RAW DATA:
┏━━

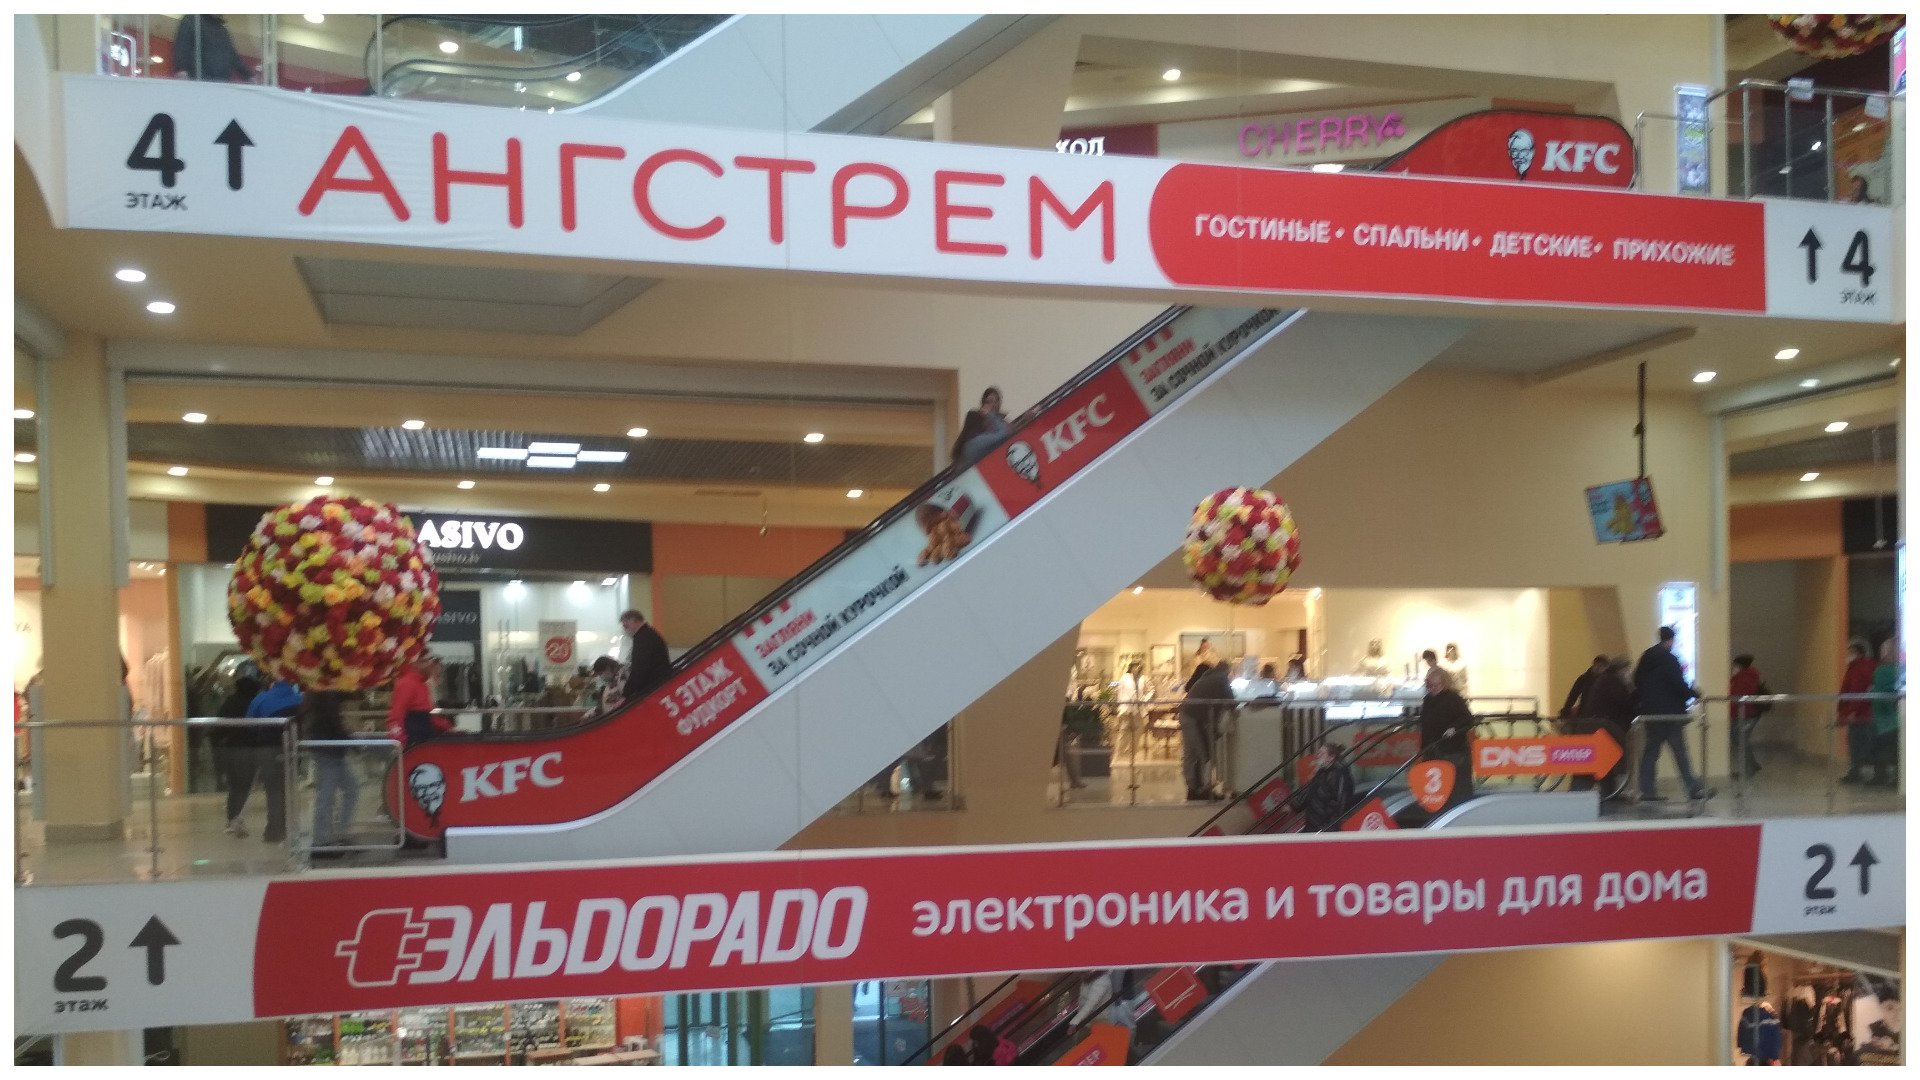 Торговый центр "Тополь" где находятся магазины, рестораны, современный супермаркет.
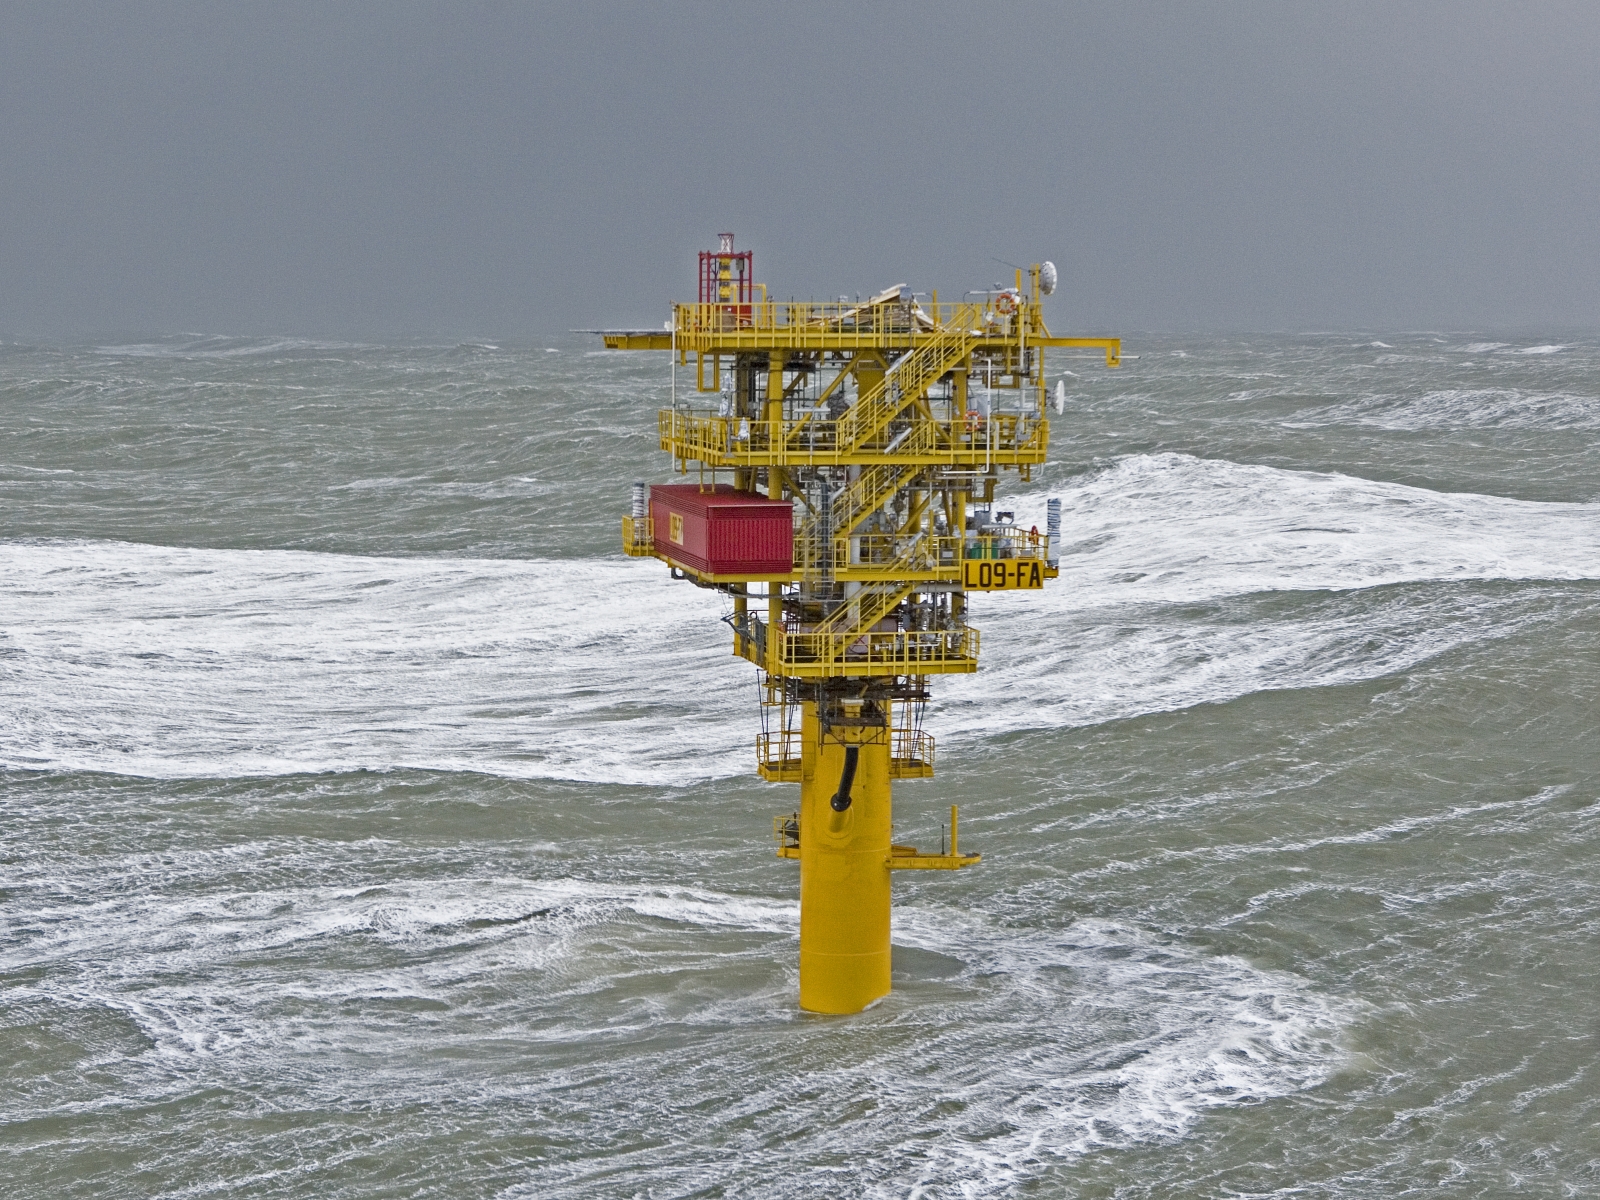 Unmanned North Sea monopile platform in operation - JB v Doesburg
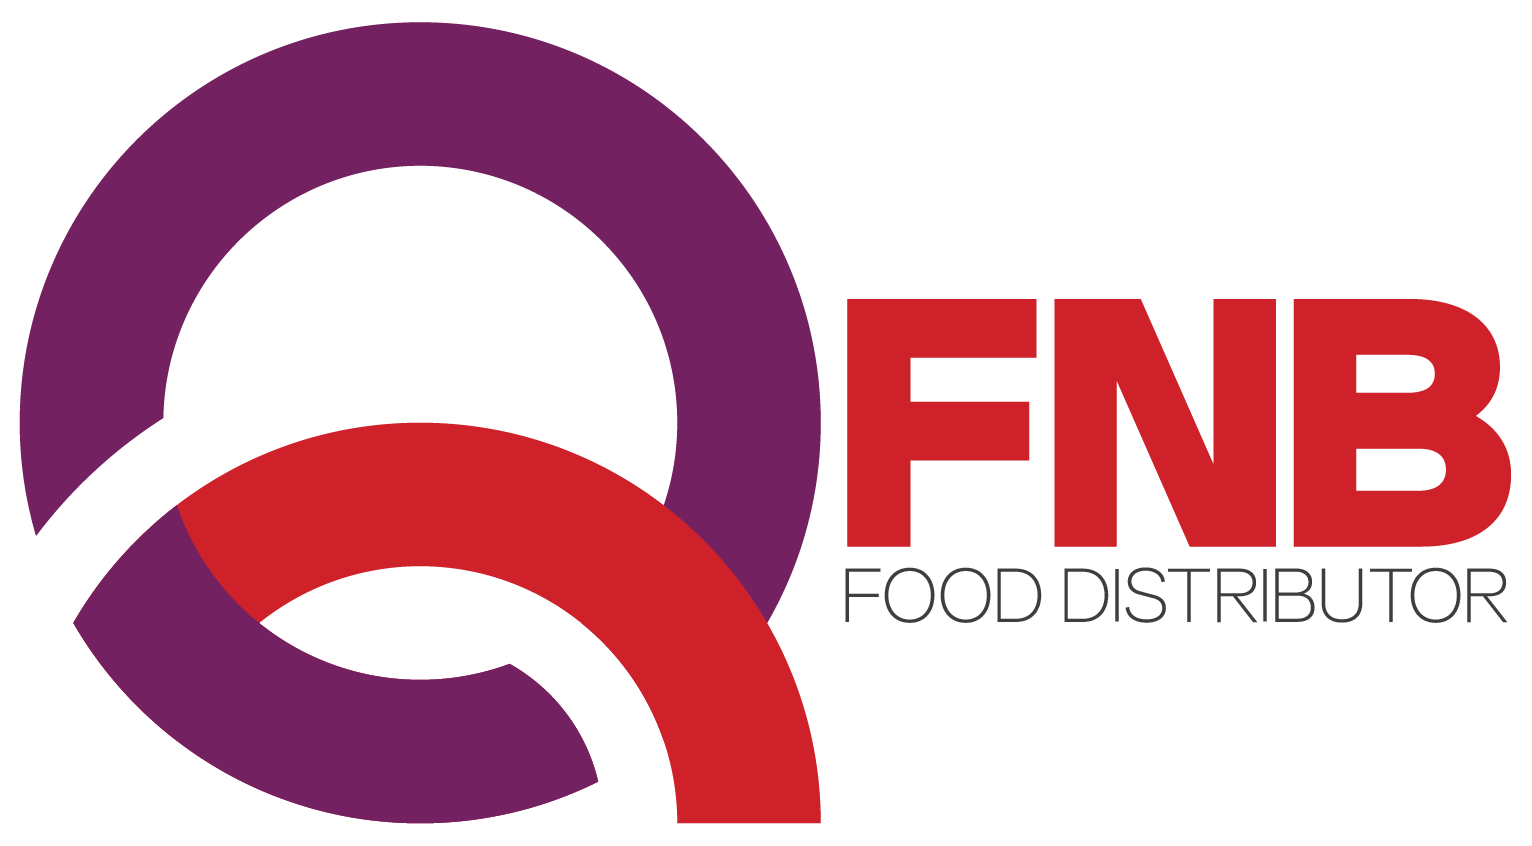 FnB Food Distributor
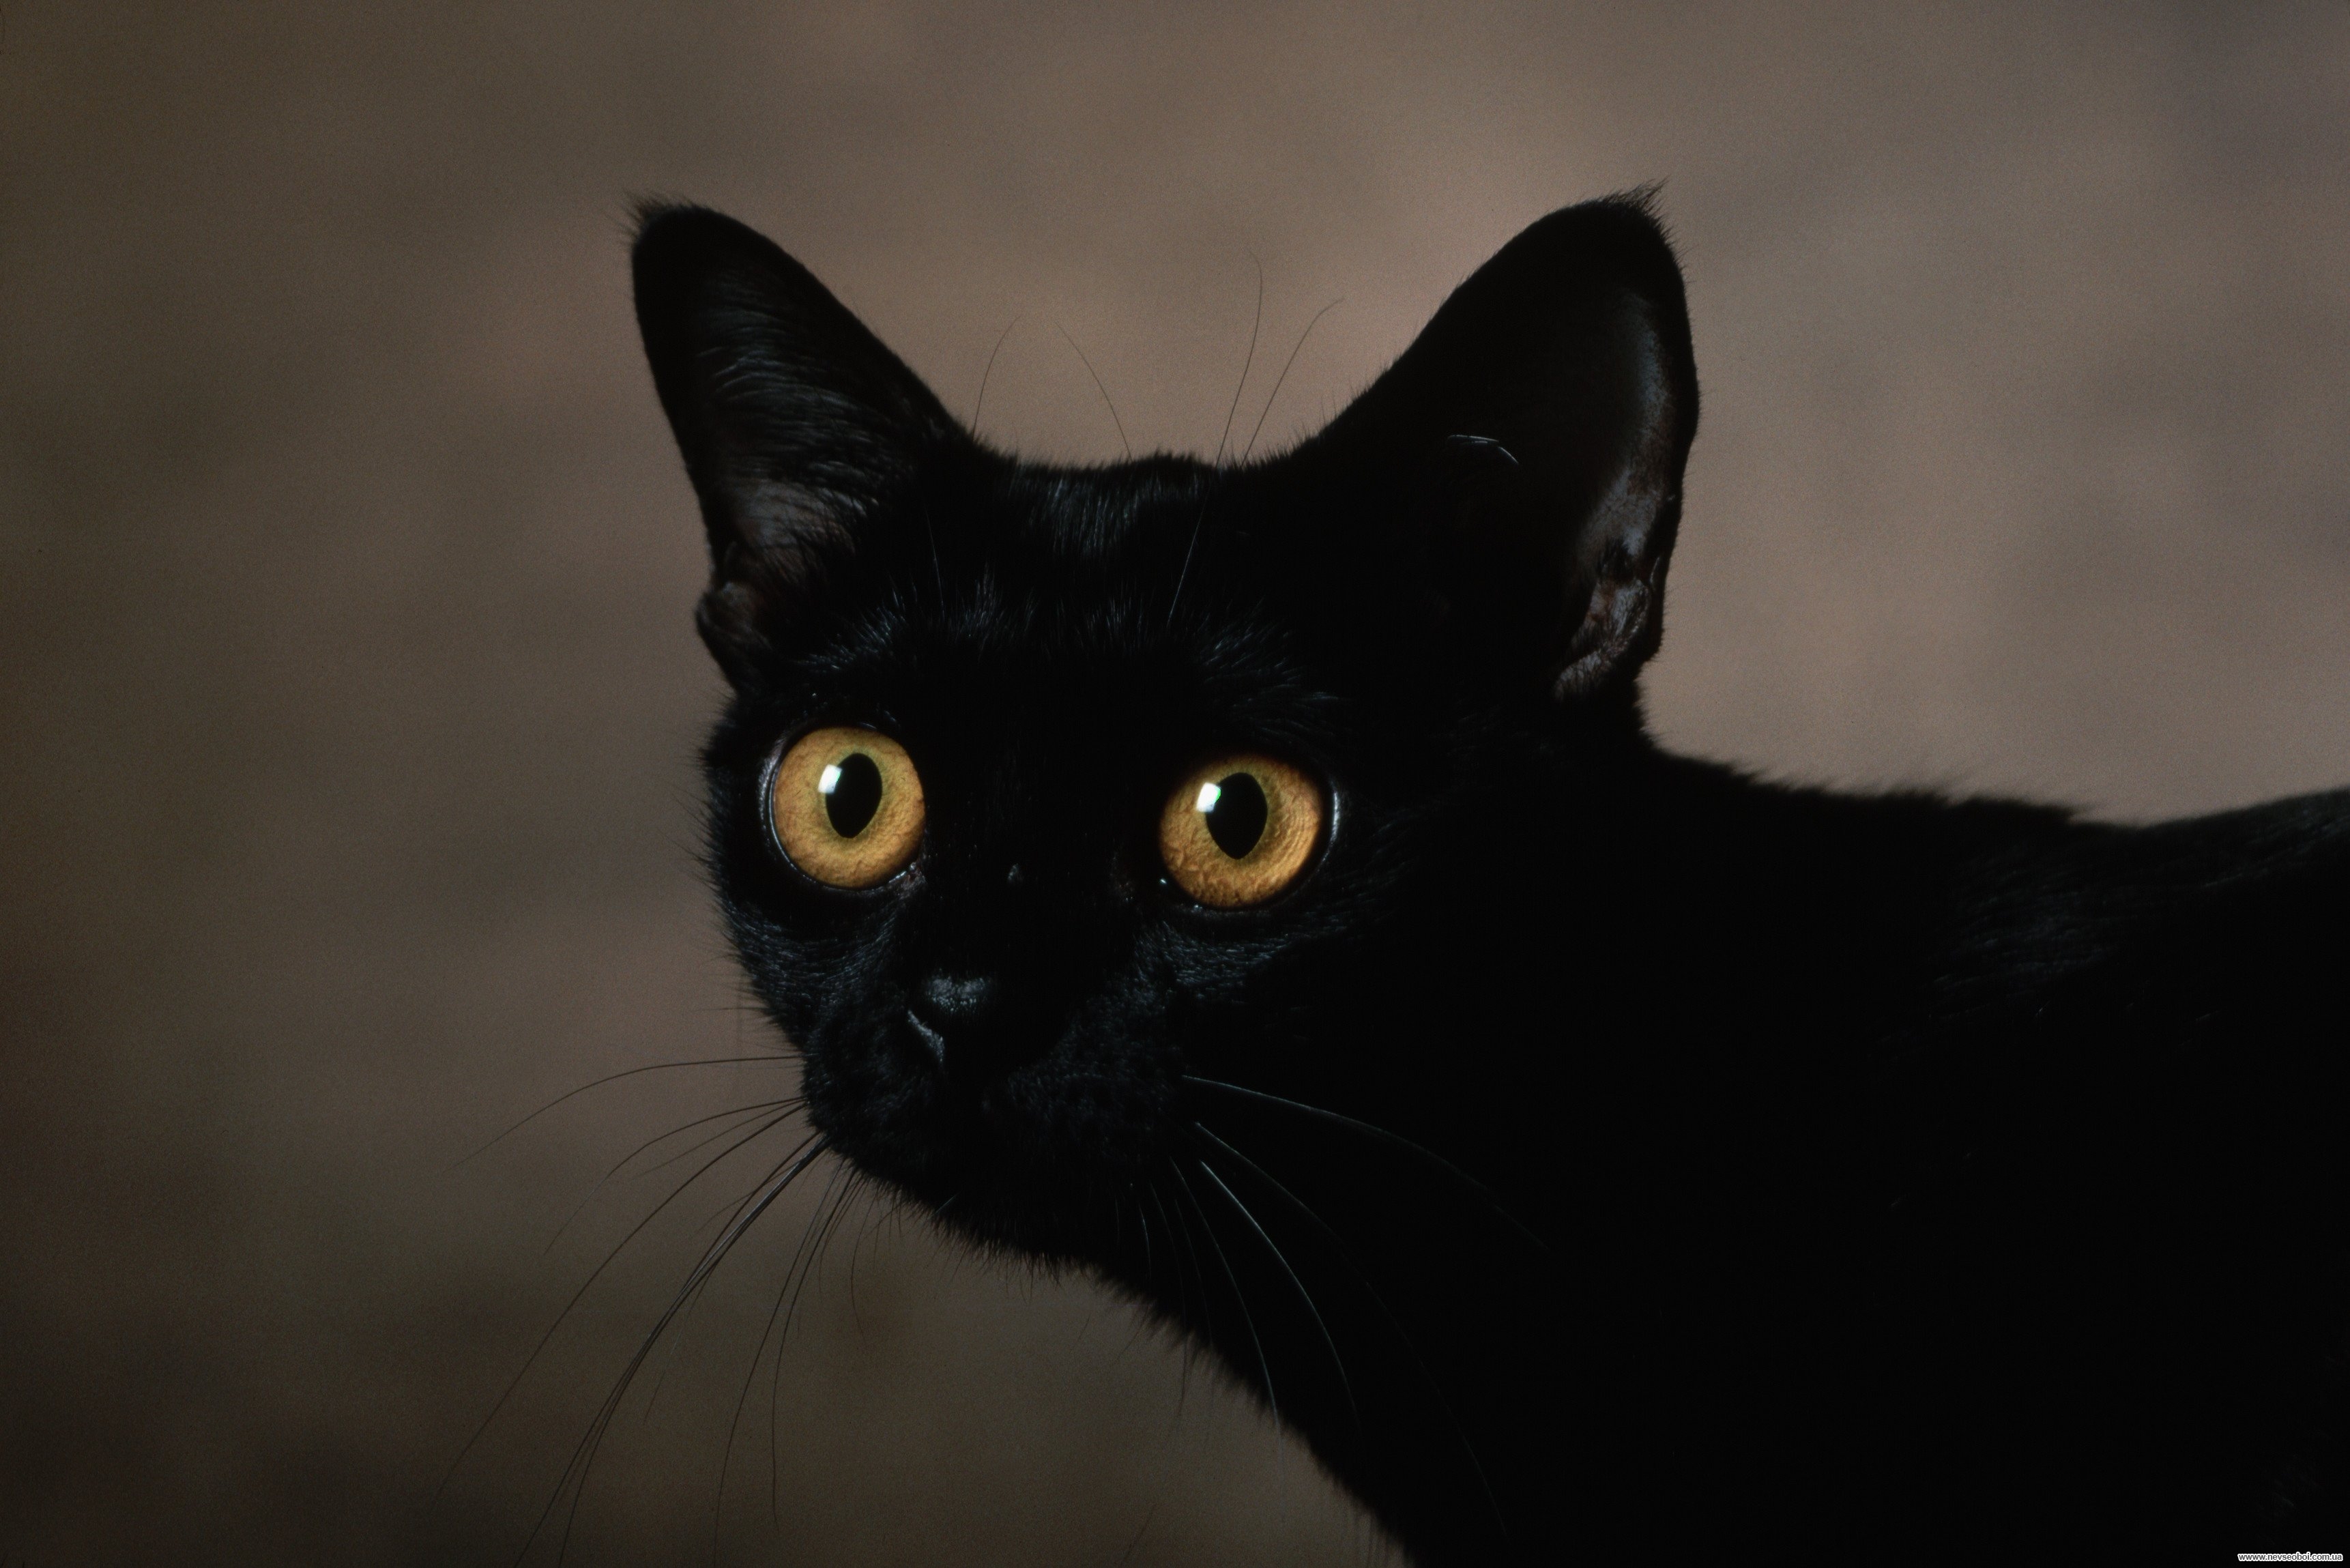 Черные кошки 9. Бомбейская кошка с зелеными глазами. Охос азулес черный. Бомбейская черная кошка. Порода кошек Охос азулес.

┗━━

THE TASK: Return the material word for word, images omitted.

OUTPUT OF THE TASK:
 Торговый центр "Тополь" где находятся магазины, рестораны, современный супермаркет.
 Unmanned North Sea monopile platform in operation - JB v Doesburg
 FnB Food Distributor
 Черные кошки 9. Бомбейская кошка с зелеными глазами. Охос азулес черный. Бомбейская черная кошка. Порода кошек Охос азулес.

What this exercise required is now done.